Gold medal swimmer says it isn't easy to decide whether to retire (PHOTO courtesy of Joshdavis.com)
Josh Davis knows exactly what Michael Phelps is going through.
Phelps has completed his swimming in the 2012 Olympics in London, and now Phelps is considering whether to retire or to return to compete in 2016.
That was the decision Davis, a five medal winning swimmer who was a champion in both of the 1996 and 2000 Olympics, and a world record holder, had to decide in 2000.

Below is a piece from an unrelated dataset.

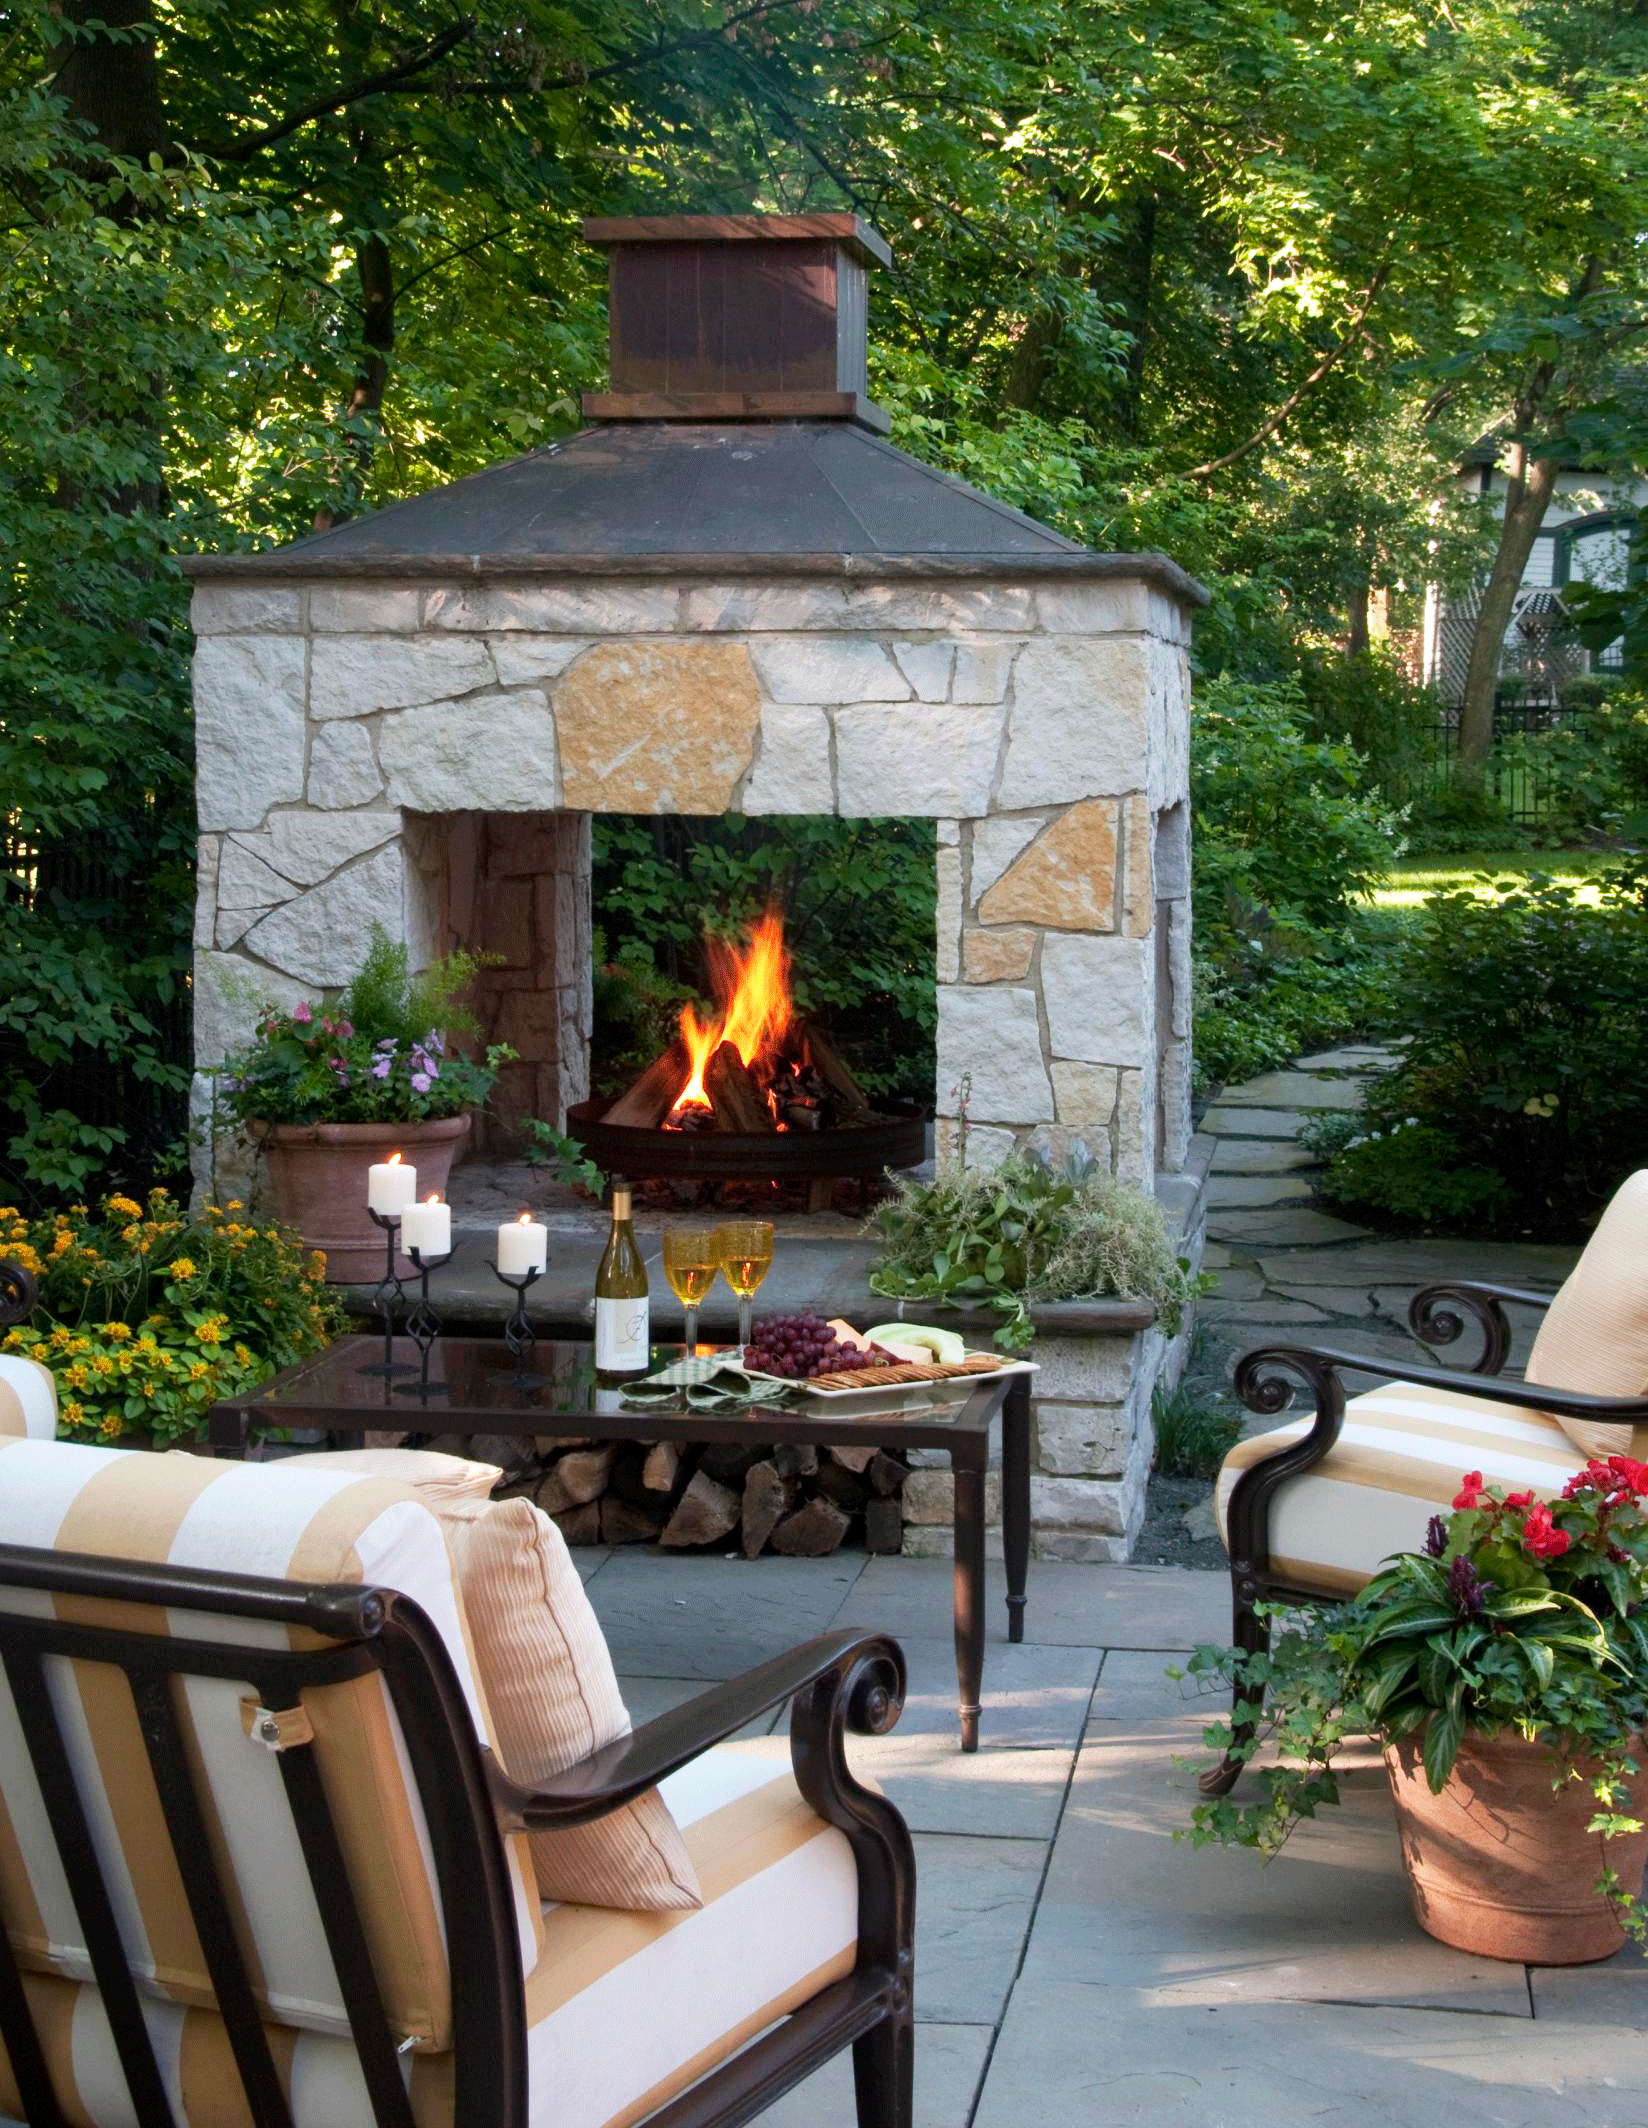 20 Outdoor Fireplace Ideas - 20 Outdoor Fireplace Ideas -   16 diy Outdoor fireplace ideas

"It becomes much a part of your routine and community and identity, I think it's actually easier if you have an injury," Davis told 1200 WOAI's Michael Board.
Davis, who turns 40 next month, was just as golden in the 1990s' as Phelps is today, with a boat load of Olympic medals and world championships under his belt. But he says the decision to retire after the 2000 games was the toughest he's ever made.
"I still miss it," he said. "Every day I dream about a comeback. It is still possible to compete at a world class level in your late thirties and even your forties."
And he says that's what makes it so difficult to decide to walk away when you're at the top of your game. He says individual sports like swimming are different from beign a player in tem sports, becasue in tem sports you have the team to give you hints when it's time to move on. Swimmers have to make the decision all by themselves.
"When you still have the physical ability to stil train, to still compete on a world level, and you're making money doing it, it becomes very difficult to know when to retire," he said.
Phelps has said he may return for the 2016 Olympics in Rio, but he remains uncertain.
If Phelps wants to see what life is like after retirement, Davis is a good role model. The Churchill High School product and San Antonio Sports Hall of Fame member now has a crowded schedule as a motivational and Christian speaker. He also leads an annual swimming clinic and does television work.